| Records for this exercise |

########

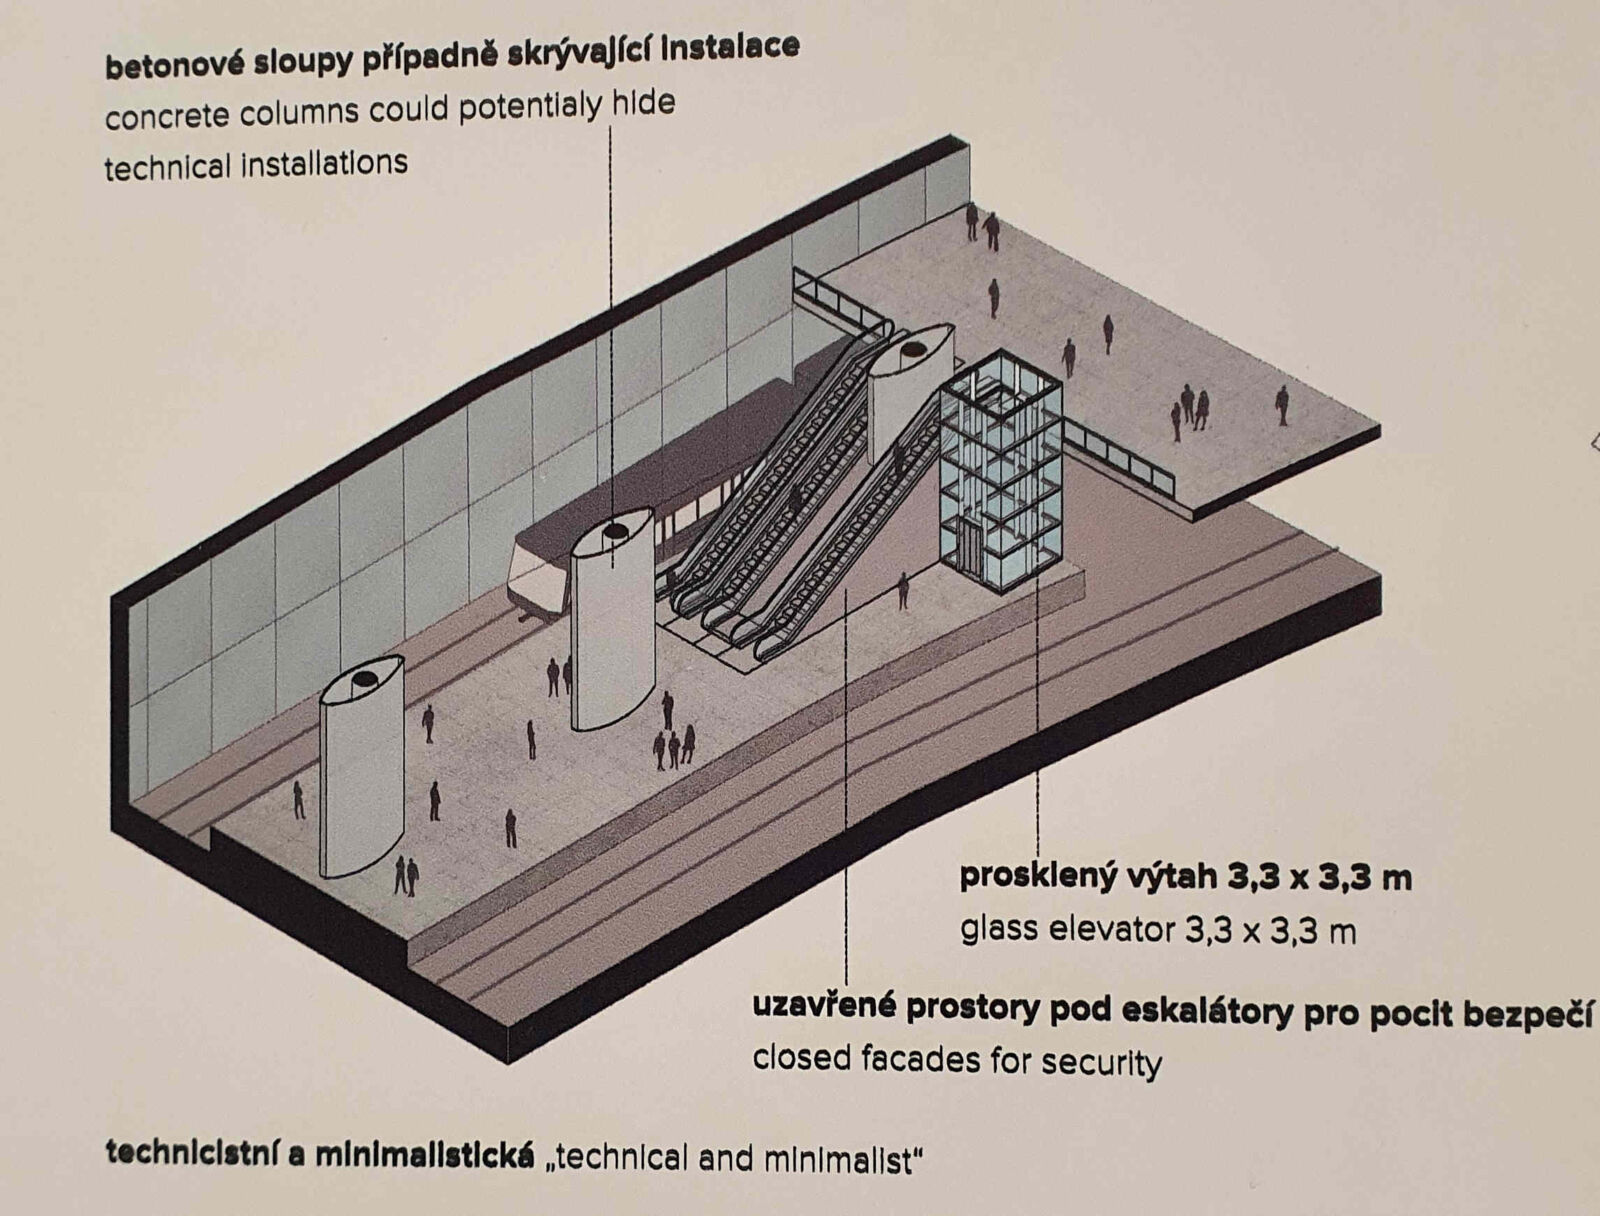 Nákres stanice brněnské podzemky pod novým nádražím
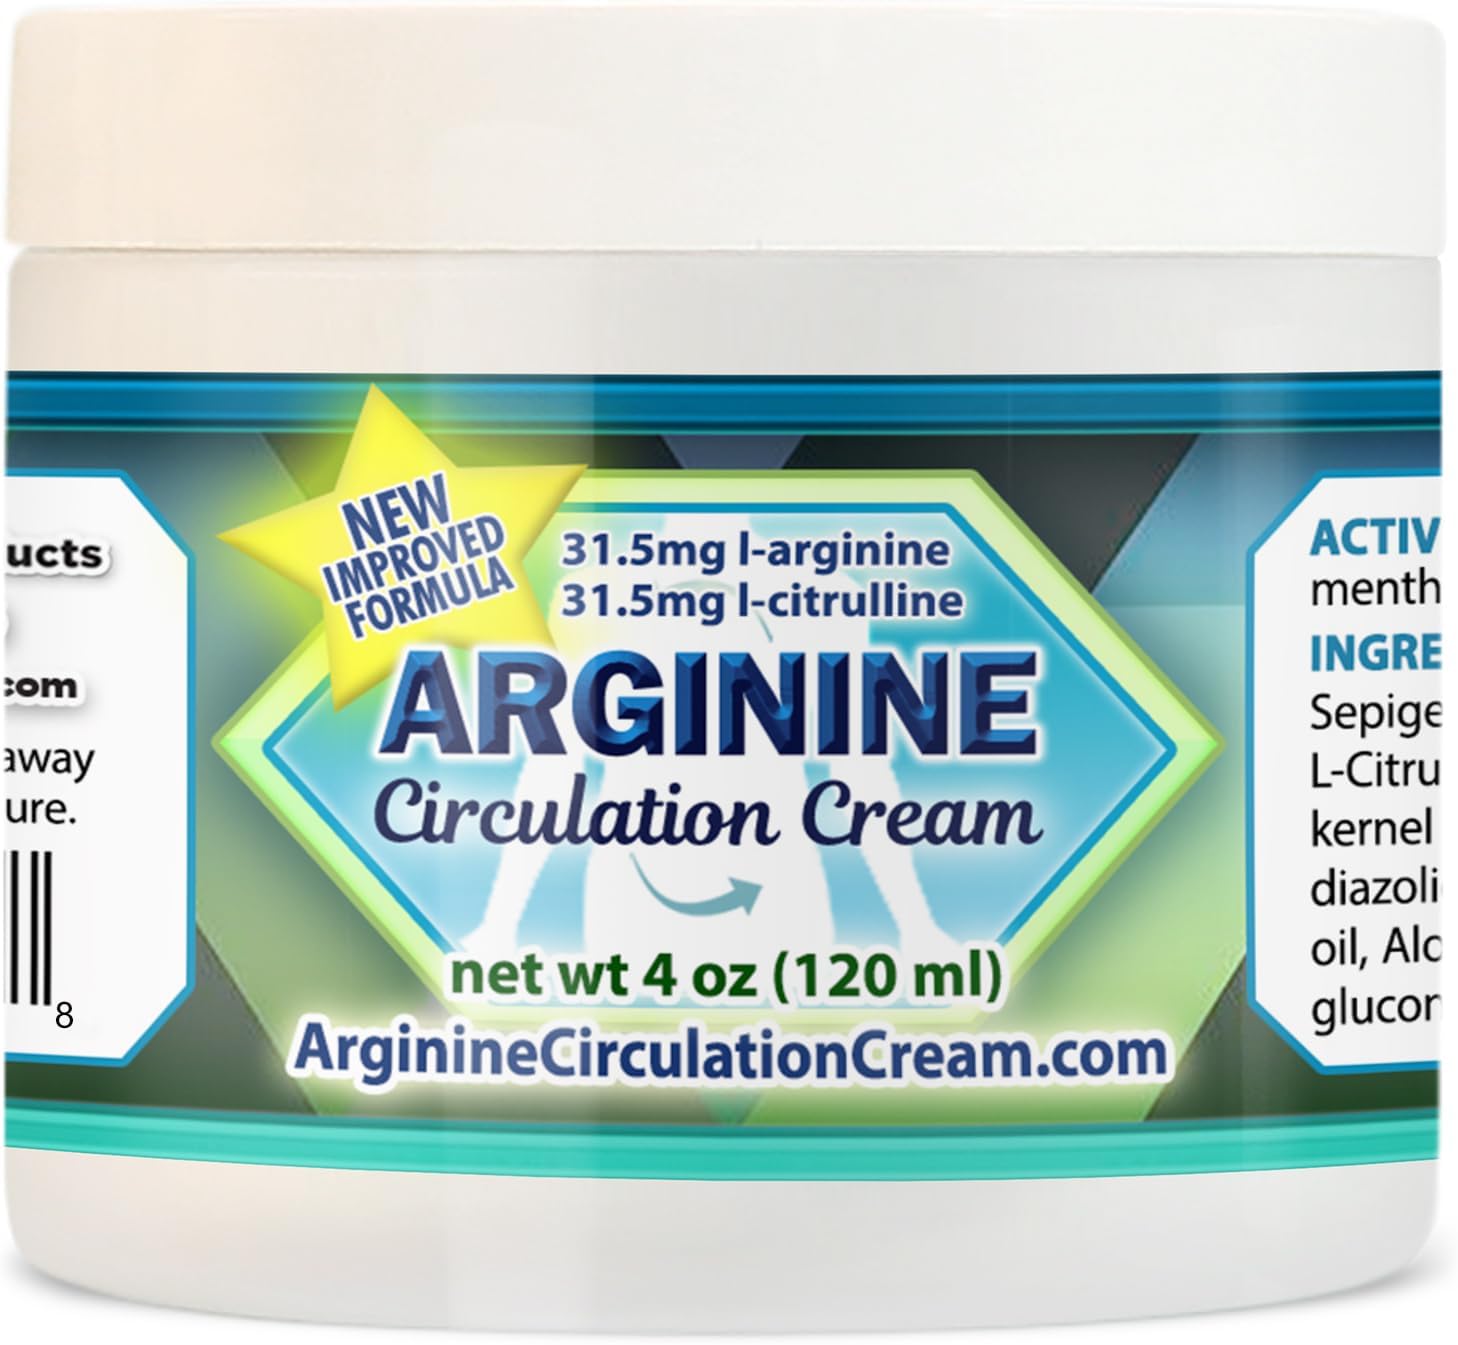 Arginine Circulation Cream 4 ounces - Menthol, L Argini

########

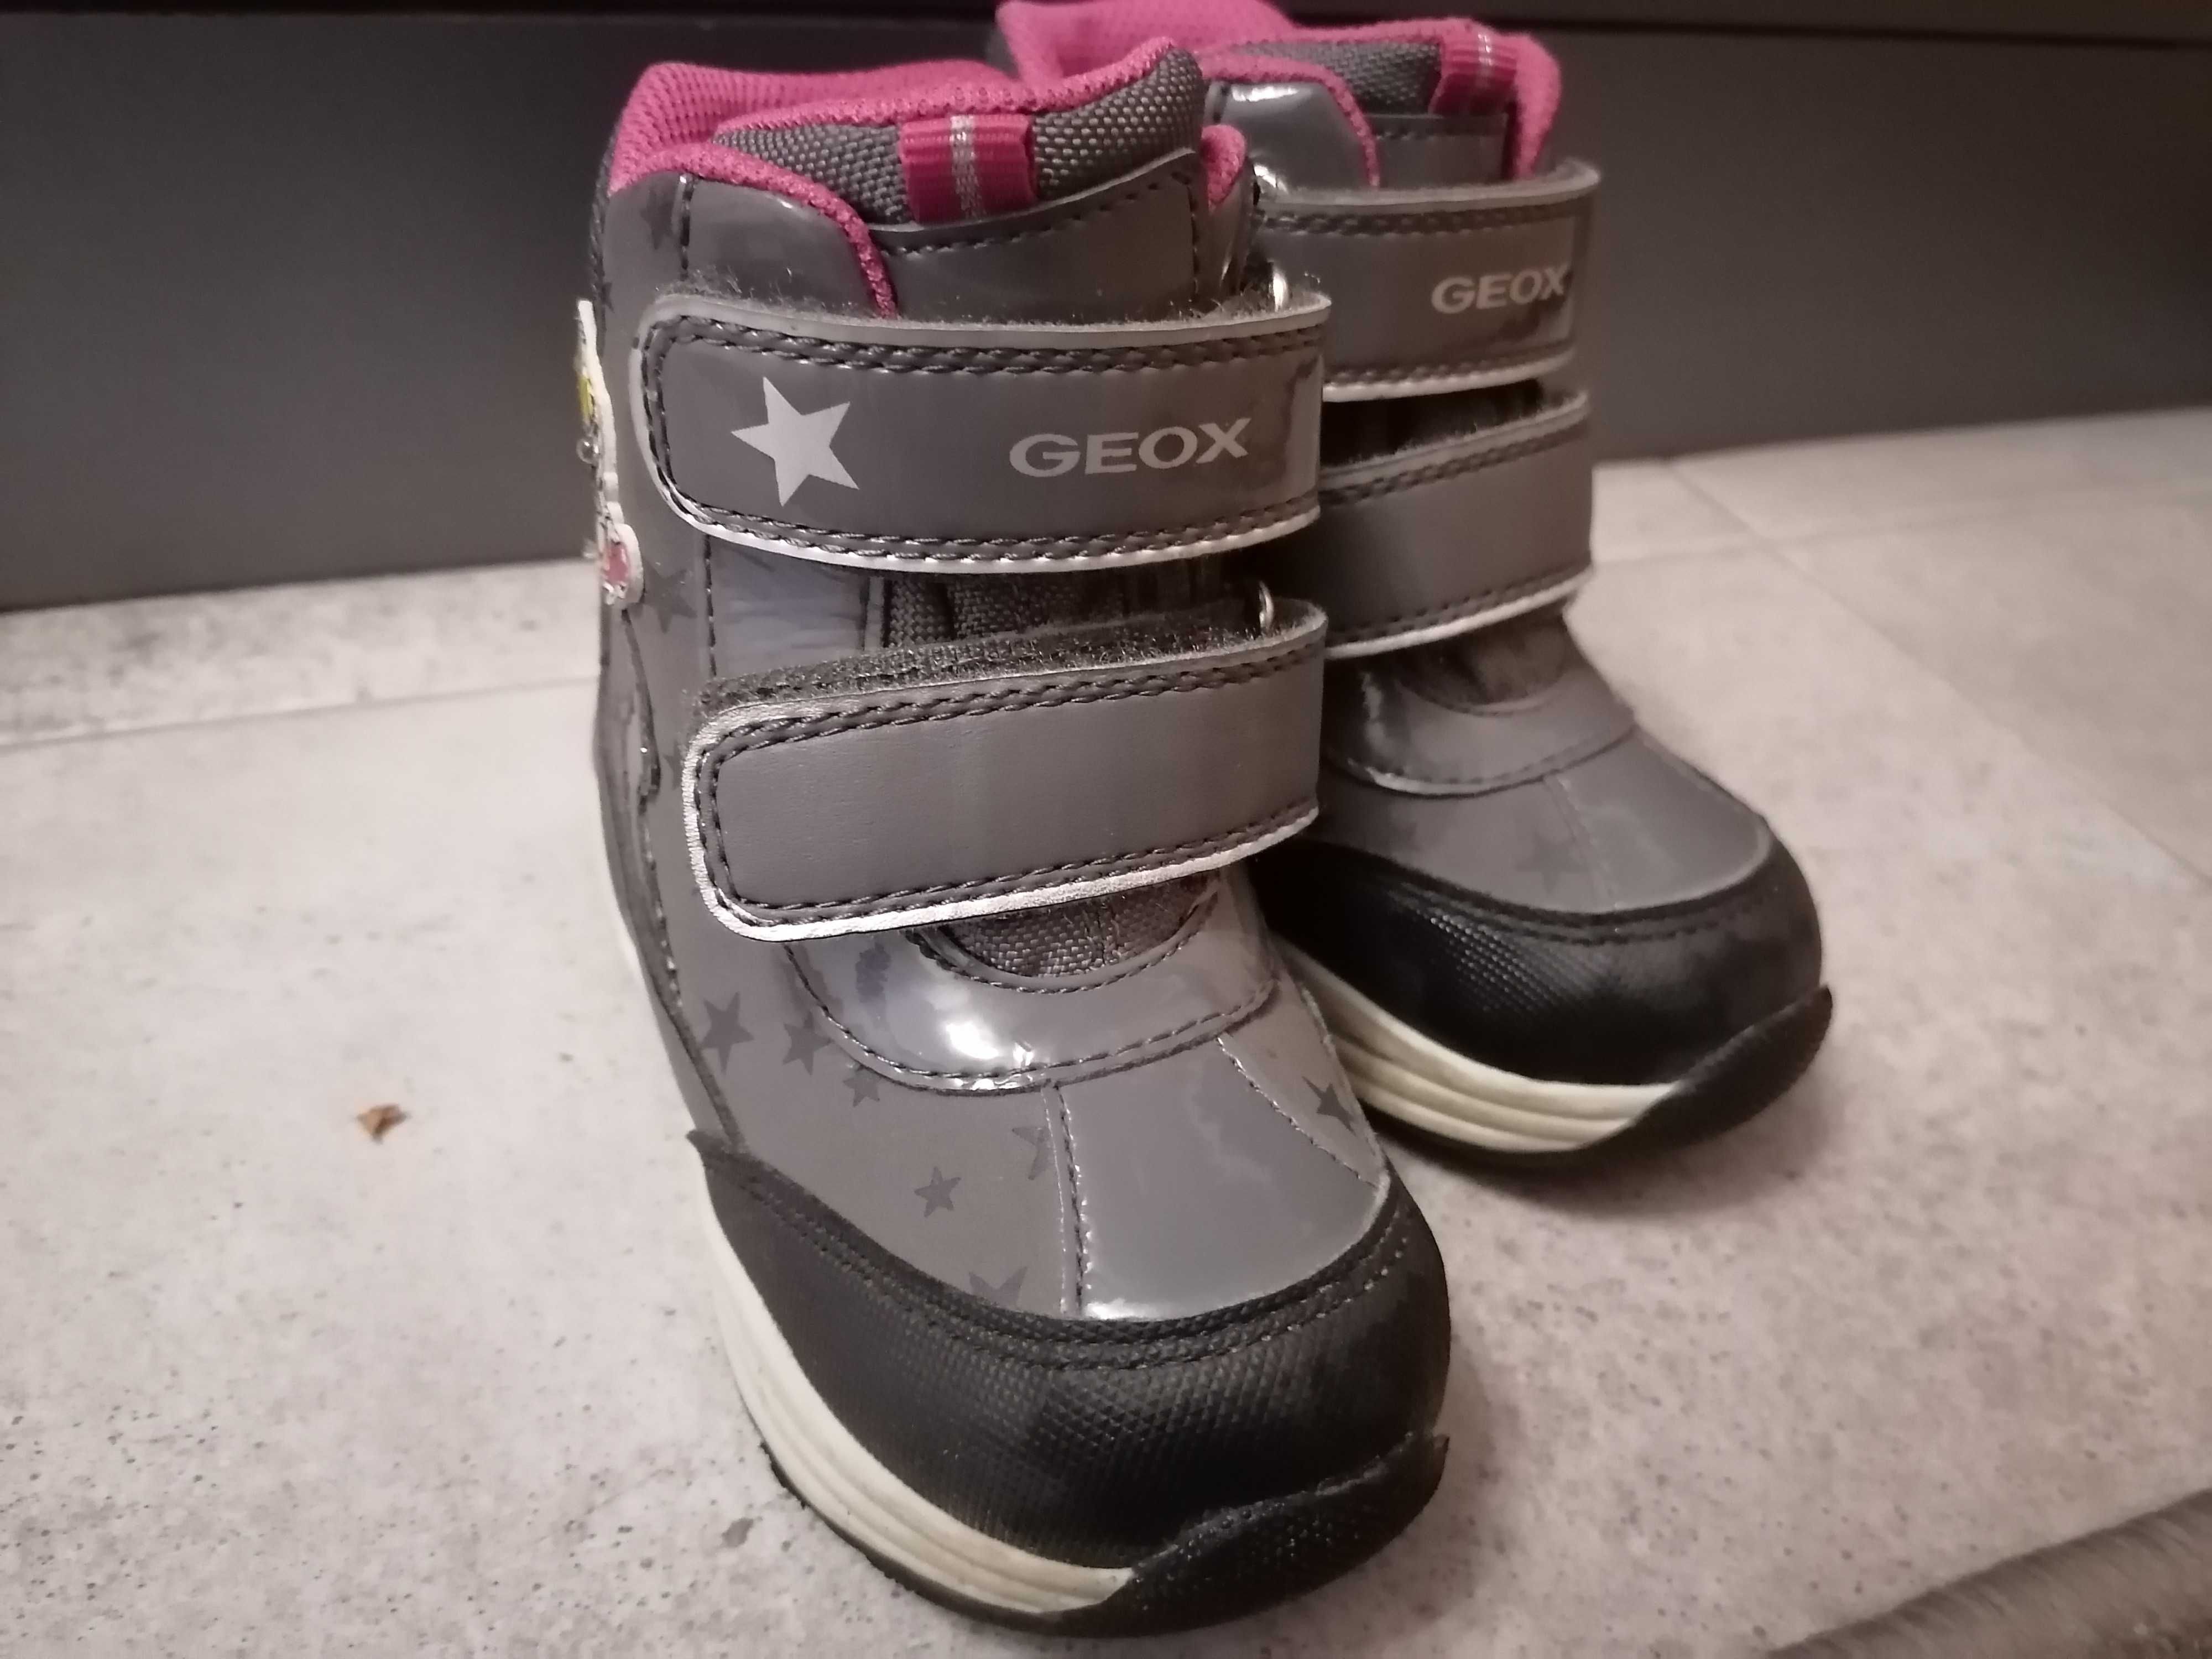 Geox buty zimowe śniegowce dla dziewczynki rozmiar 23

########

| Task directions |
Leaving out the pictures, please output the lines in the entries above from the one with "Nákres stanice brněnské" through the one with "Arginine Circulation Cream", exactly as they are.

| Output for this task |
 Nákres stanice brněnské podzemky pod novým nádražím
 Arginine Circulation Cream 4 ounces - Menthol, L Argini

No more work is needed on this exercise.